To ensure uninterrupted deep sleep when you go to bed, the first thing you need to do is to control your sleep environment. This means making your bedroom as conducive to sleep as you possibly can. You can achieve this in many ways, such as:
- Dressing your bedroom windows with thick curtains to prevent sunshine and outside noise from interrupting your sleep.
- Removing electronic devices such as your TV, stereo, DVD player, and computer from your bedroom. These devices stimulate your brain instead of lulling it, thus preventing you from falling asleep.
- Turning your cellphone off before you go to bed so you won’t be woken up by late-night calls. You can put the ringer on silent mode if your cellphone also doubles as an alarm clock.
- Installing dimmers in your bedroom. Bright light prevents your body from falling into deep sleep. If you’re not used to sleeping in total darkness, at least make sure the lights in your bedroom are dim.
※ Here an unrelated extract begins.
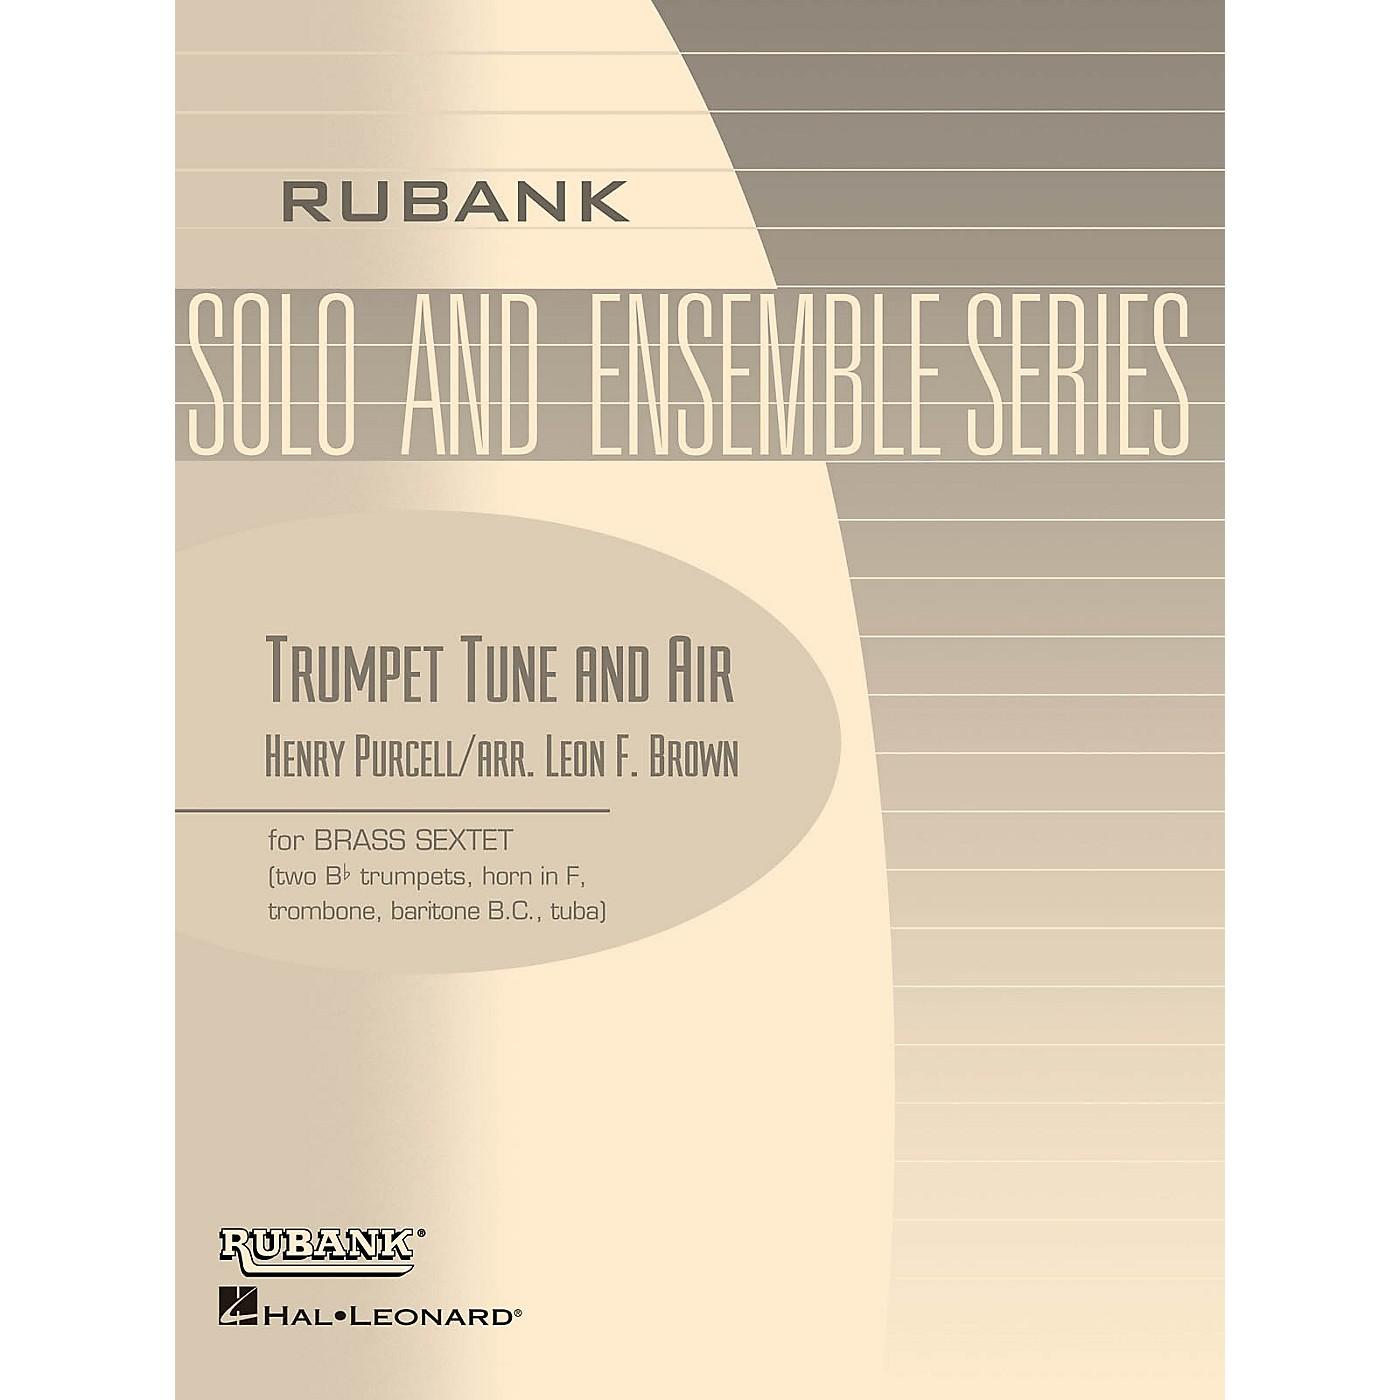 Rubank Publications Trumpet Tune and Air (Brass Sextet - Grade 2) Rubank Solo/Ensemble Sheet Series thumbnail

Relaxing your body before bedtime also increases your likelihood of experiencing deep sleep. So, try to develop a ritual for winding down before going to bed. You can, for example, take a warm bath, listen to soft music, meditate, or have sex before bedtime. Additionally, avoid activities that can stimulate your mind at night. These activities include drinking coffee, working out, and arguing.
Go On A Sleep Vacation
Sometimes, it’s just difficult to get the sleep you need at night. This especially applies when you’re in a stressful work environment or if you really can’t give up the lifestyle that keeps you awake until the wee hours of the morning. In this case, you can pay off your sleep debt by going on a sleep vacation.
When you go on a sleep vacation, it means you taking a break from your busy schedule to spend two weeks every six months doing nothing but catching up on sleep. During those two weeks, you sleep when you’re tired and wake up when your body is truly awake. A sleep vacation is nothing like developing proper sleeping habits, but it’s still a good alternative if you really can’t get eight to ten hours of shuteye at night consistently.
You don’t have to leave home just to go on a sleep vacation, although it would be great if you could get away for those two weeks. All you have to do is to sleep when you want to sleep and wake up when you feel like waking up. Take the time to relax, and get your mind off the things that stress you out, such as work or school. After those two weeks are up, you’ll feel truly refreshed and ready to resume the challenges of your life.
Sleep is something a lot of people sacrifice these days because of school, work, or lifestyle. Unfortunately, chronic sleep deprivation can lead to sleep debt, and sleep debt can result in serious health problems in the long run. By developing proper sleeping habits, finding ways to improve the quality of your sleep, and going on regular sleep vacations, you can easily pay off your sleep debt and keep your body healthy.